Visto che Said-Effendi, ambasciatore presso la Sublime Porta di un piccolo Stato chiamato Frankrom, collocato fra la Spagna e l’Italia, ha introdotto fra noi la pericolosa pratica della stampa, dopo aver consultato a proposito di questa novità i nostri venerabili fratelli cadì e imam della città imperiale di Stambul, e soprattutto i fachiri, conosciuti per il loro zelo contro lo spirito, è sembrata una buona cosa a Maometto e a noi condannare, proscrivere nonché bollare con anatema la suddetta infernale invenzione della stampa, e ciò per le ragioni che andiamo ad esprimere:
- Questa facilità di comunicare il proprio pensiero tende evidentemente a dissipare l’ignoranza, che è la custode e la salvaguardia degli Stati civilizzati.
- Si deve temere che, fra i libri importati dall’Occidente, ve ne siano alcuni sull’agricoltura e sui mezzi per perfezionare la meccanica, le quali opere potrebbero alla lunga, che Dio non voglia, risvegliare l’intraprendenza dei nostri agricoltori e dei nostri manifatturieri, nonché stimolare la loro intraprendenza, aumentare la loro ricchezza, e sollecitare nei loro animi aspirazioni più nobili e una certa sollecitudine per il bene pubblico, sentimenti del tutto inconciliabili con la santa dottrina.
- Di conseguenza i nostri libri di storia sarebbero privi di quelle meravigliose invenzioni che mantengono la nazione nella sua felice stupidità. Questi libri commetterebbero l’imprudente principio di rendere giustizia alle buone e alle cattive azioni e raccomanderebbero la giustizia e l’amore della patria, cosa che è palesemente contraria ai diritti della nostra terra.
- Col tempo, nascerebbero dei miserabili filosofi i quali, col pretesto specioso ma censurabile di illuminare gli uomini e di renderli migliori diffonderebbero delle virtù pericolose, delle quali il popolo deve restare sempre all’oscuro.
- Questi libri eleverebbero il concetto di Dio rivelando che egli è presente in ogni luogo; di conseguenza diminuirebbe il numero dei pellegrini alla Mecca, con grave detrimento delle anime.
- Ne conseguirebbe senza dubbio che, a forza di leggere questi autori occidentali che trattano di malattie contagiose e del modo di prevenirle, ci troveremmo in seria difficoltà a preservare la peste, cosa che sarebbe un grave attentato agli ordini della Provvidenza.
Per queste ragioni, per l’edificazione dei fedeli e per il bene delle loro anime, noi li diffidiamo dal leggere alcun libro sotto pena della dannazione eterna.

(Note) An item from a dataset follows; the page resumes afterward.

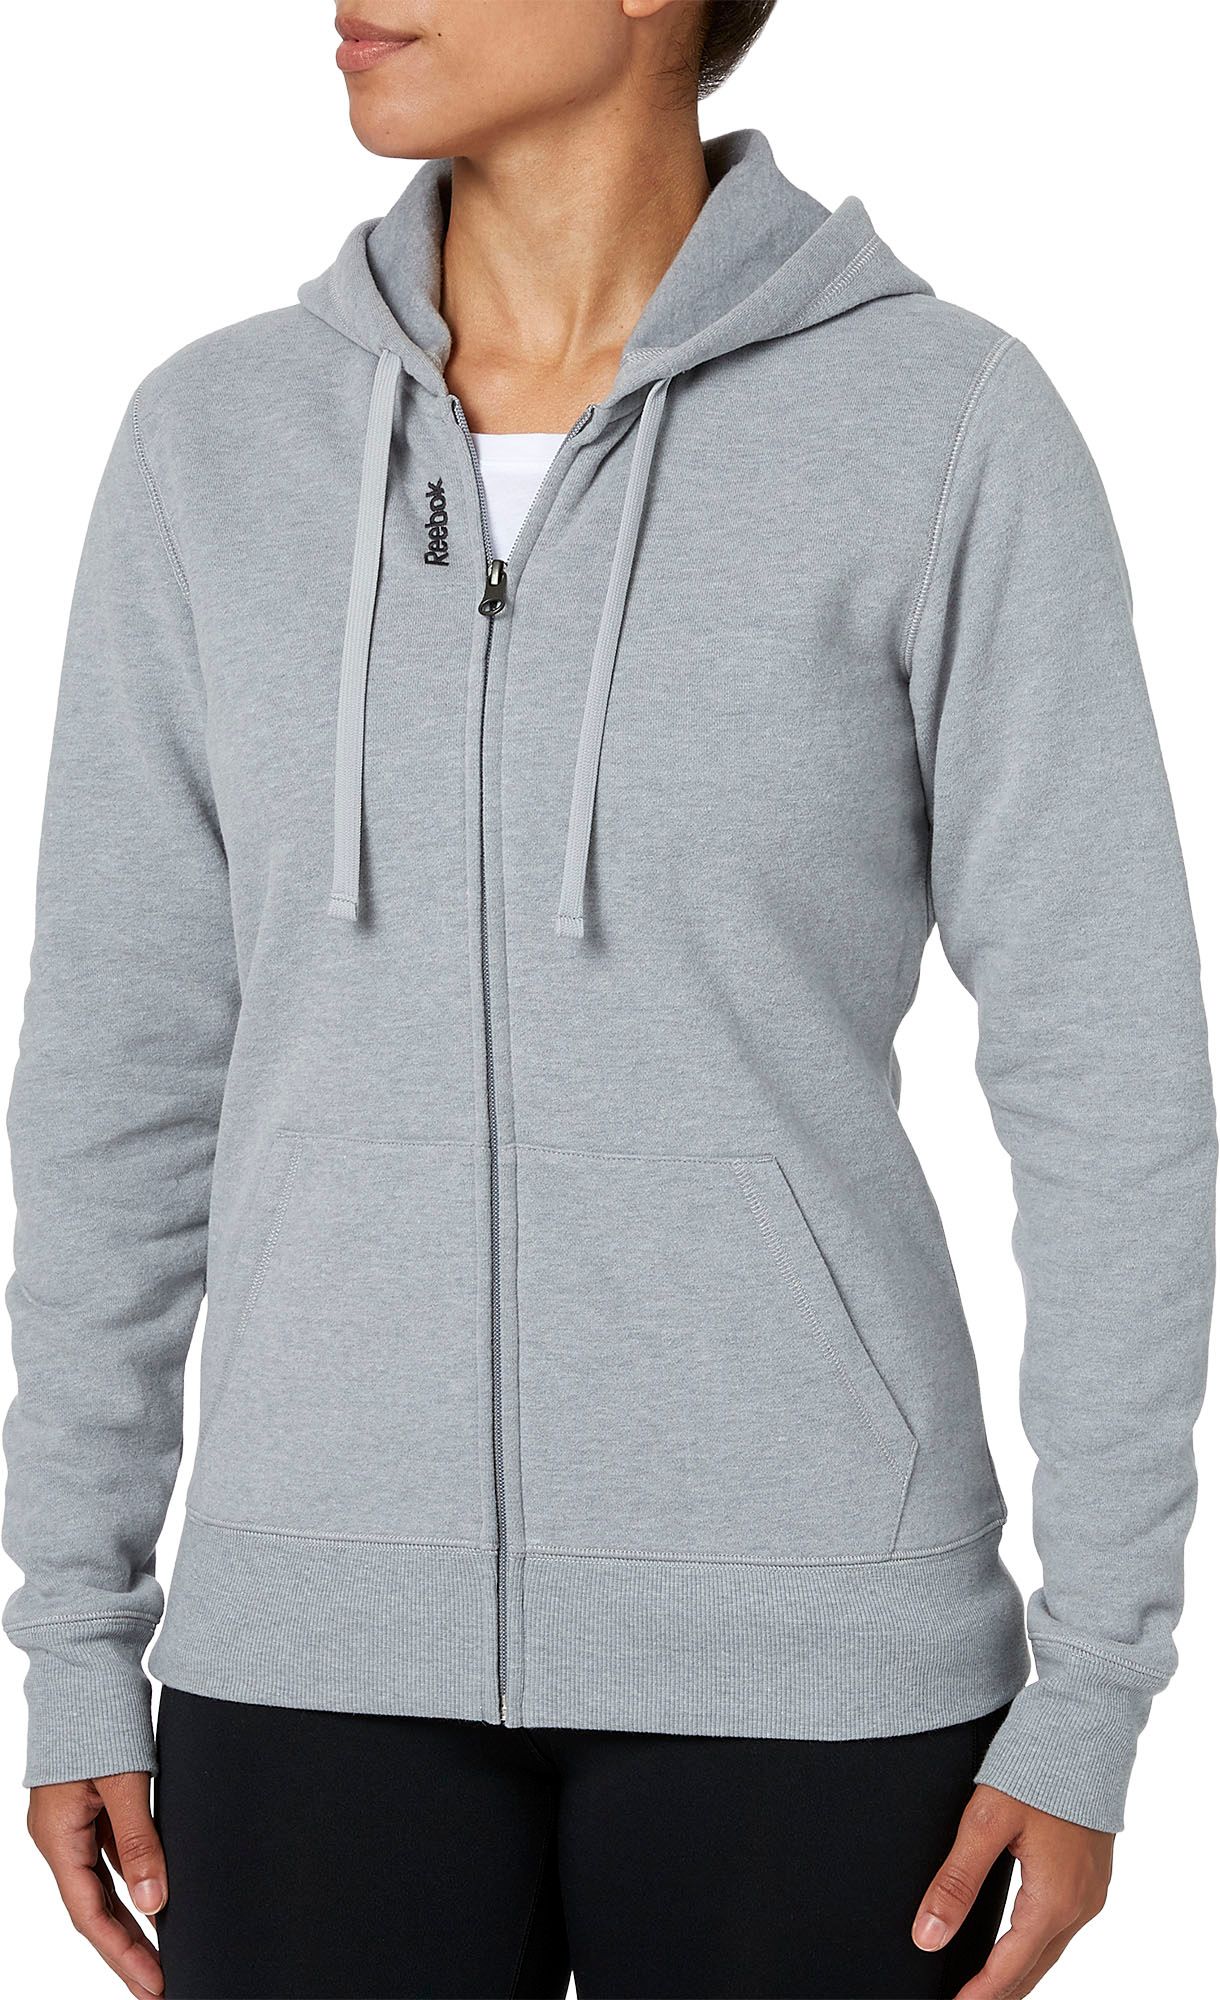 Hoodies & Sweatshirts for Women | DICK'S Sporting Goods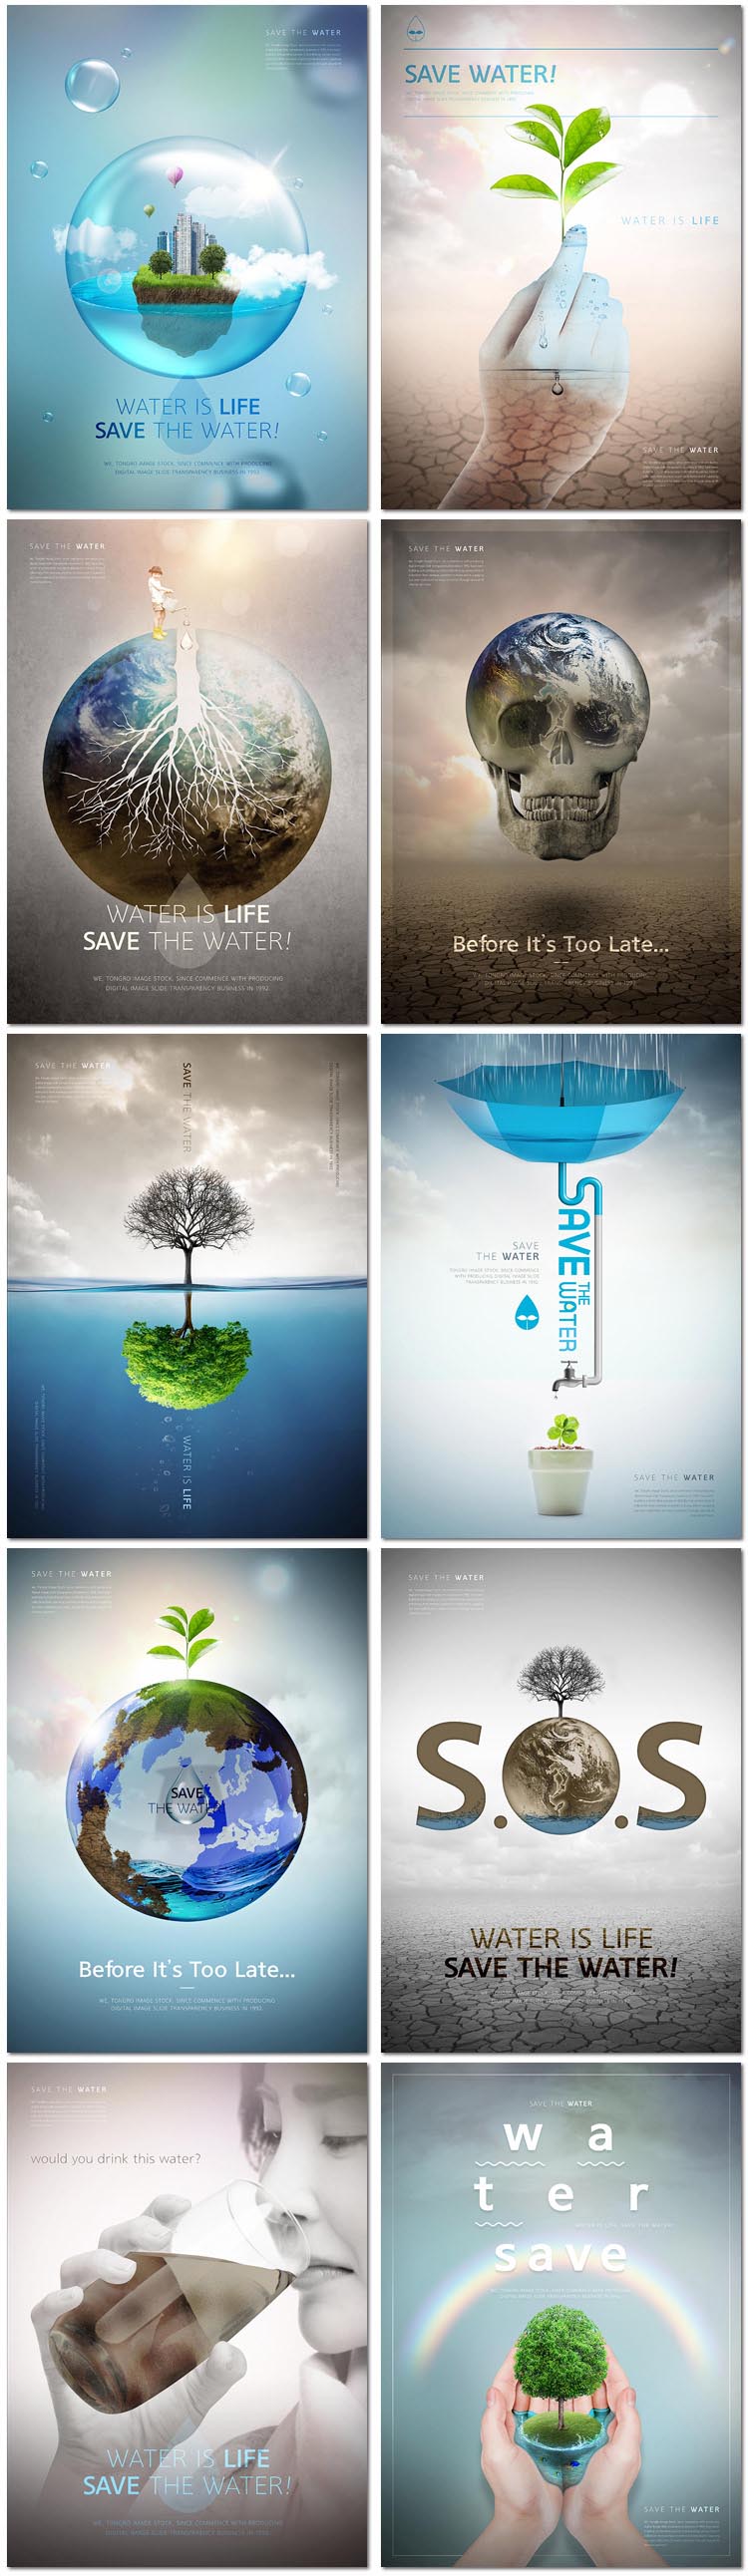 10张绿色地球日爱护家园植树环保科技公益广告海报psd模板设计素材

E per evitare che essi cedano alla tentazione diabolica di istruirsi, noi vietiamo ai padri e alle madri d’insegnare a leggere ai loro bambini. E per prevenire eventuali infrazioni a questo nostro editto, noi li diffidiamo espressamente dal pensare sotto la pena della dannazione pocanzi espressa; ingiungiamo a tutti i veri credenti di denunciare alle istituzioni chiunque abbia espresso quattro frasi di senso compiuto. Ordiniamo che in tutte le conversazioni ci si serva di termini che non significano nulla, secondo l’usanza della Sublime Porta. E per impedire che qualche pensiero si insinui di contrabbando nella sacra città imperiale, coinvolgiamo in particolare il primo medico di sua Altezza il quale, avendo già ucciso quattro augusti personaggi della famiglia ottomana, ha più di ogni altro l’interesse a prevenire l’infiltrazione di ogni specie di conoscenza nel paese; gli diamo il potere, con questo scritto, di selezionare ogni idea che si presenti, espressa per iscritto o a voce, alle porte della città, e di portare la suddetta idea, mani e piedi legati, al nostro cospetto così che possiamo infliggerle il castigo che ci piacerà.
Emesso dal nostro palazzo della stupidità, il giorno 7 della luna di Muharem, anno 1143 dell’Egira.